Aside from your views on abortion law or health insurance costs, these are shocking attempts by a state to mandate certain behavior from its citizens, both inside and outside state lines. Suddenly, my state residence seems much more important, and the phrase "if you don't like it, you can move" seems both more ominous and more probable from many of the states I've lived in and loved.

5 Comments:

  • As far as I am concerned when speaking about abortions rights they are a classist argument .. I mean who gets the right to abort? Is prochoice WOMAN only? .. does this mean that a man has no procreational rights? talk about unfair I hope they all are made felons for the idea .. the old saying its my body doesnt really comply when speaking about habeous corpus which mean bring forth the body in latin.. for one.. the baby is not only your body is is the combined bodies of more than one person... and the portal of genetic transmissions for all family lines including males and females.. so no I dont think a few classist females should have the right to 100% totalitarian abortion rights.. maybe as men we should ask should we deny woman the right to procreate? Without first asking a males approval.. after years of woman not having rights males pose the question.. should we allow woman in out society to have rights? and how do they respond? what rights do they ask for? to make us felons for not paying "CHILD SUPPORT" tithes to womans.. alimony.. palimony.. loss of procratory rights..dowerys.. right to abort my children at their will.. definng men as the "Breadwinner" and woman as the "nurturer".. when most parents do both jobs.. and the final last straw using buzzwords such as "Deadbeat dad" mothers are deadbeats also.. but you dont hear deadbeat moms.. also.. they like to say "spermdonor" I like to think that I own my body also.. so those are my sperm.. I created them Im a sperm owner.. I didnt give them anything.. I shared my procratory abilities equaly so that two people a man and a woman could assend into nature.. If woman think that I would ever give up my right to that you are surely mistaken..

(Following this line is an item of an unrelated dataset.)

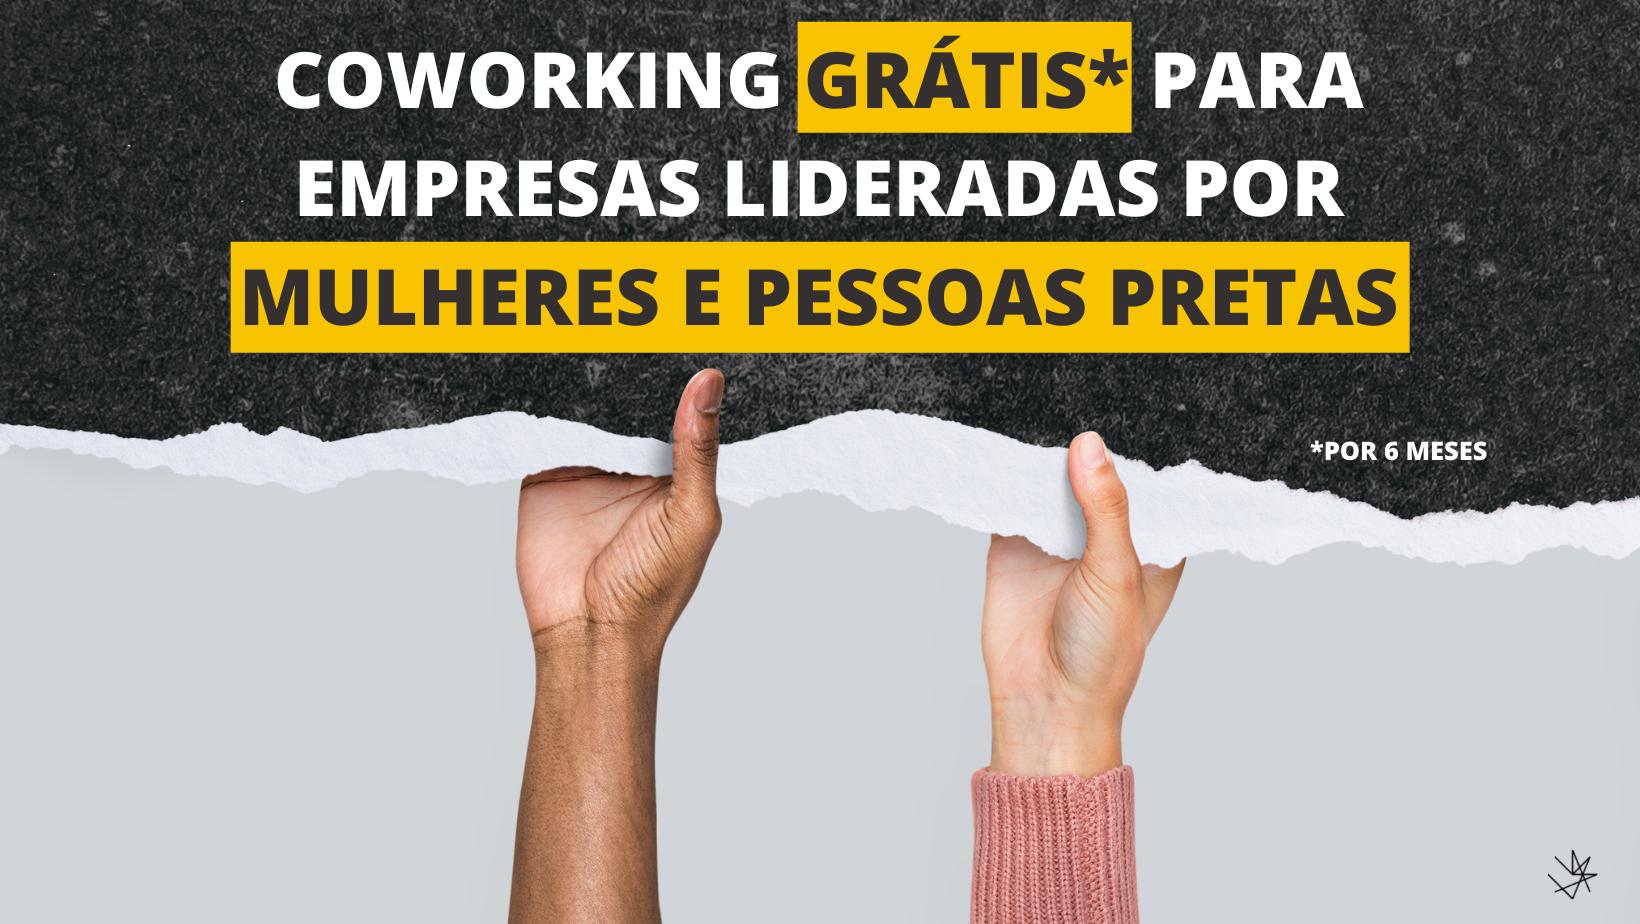 """Coworking oferece espaço gratuito: O """"Retoma CWB"""", nova iniciativa da Aldeia, visa ajudar este públicocom 6 meses de espaços no coworking gratuitamente"""

    By Anonymous Anonymous, at 9:13 PM  

  • Yippee! My very first troll! You came over from Flea's blog to make me feel better, didn't you? Gosh, I'm thrilled. Thanks so much.

    You know, my middle school boys also use that argument about "owning" sperm. My question is, if they are so concerned about the welfare of the little spermies, why do they keep giving them away?

    By Blogger Trope, at 10:31 PM  

  • I just wanted you to hear the words "deadbeat mom" in context. My ex-wife is a deadbeat mother who hasn't had contact with our son in close to four years. She lives in MA also... maybe I should call her an "egg donor?" She certainly hasn't "donated" much else. Personally, even though his mother is a scumbag, I'm thrilled that my son was born. Having him around has really changed my life and my priorities for the better. My 2 cents...

    By Anonymous Anonymous, at 11:13 PM  

  • All these states from South Dakota down to the abomination in Ohio are aiming far beyond their state lines.

    They're on a direct path to the Supreme Court.

    The American Taliban at its finest.

    Ann

    By Blogger Granny, at 2:56 AM  

  • Are all trolls anonymous or just the ones I've seen?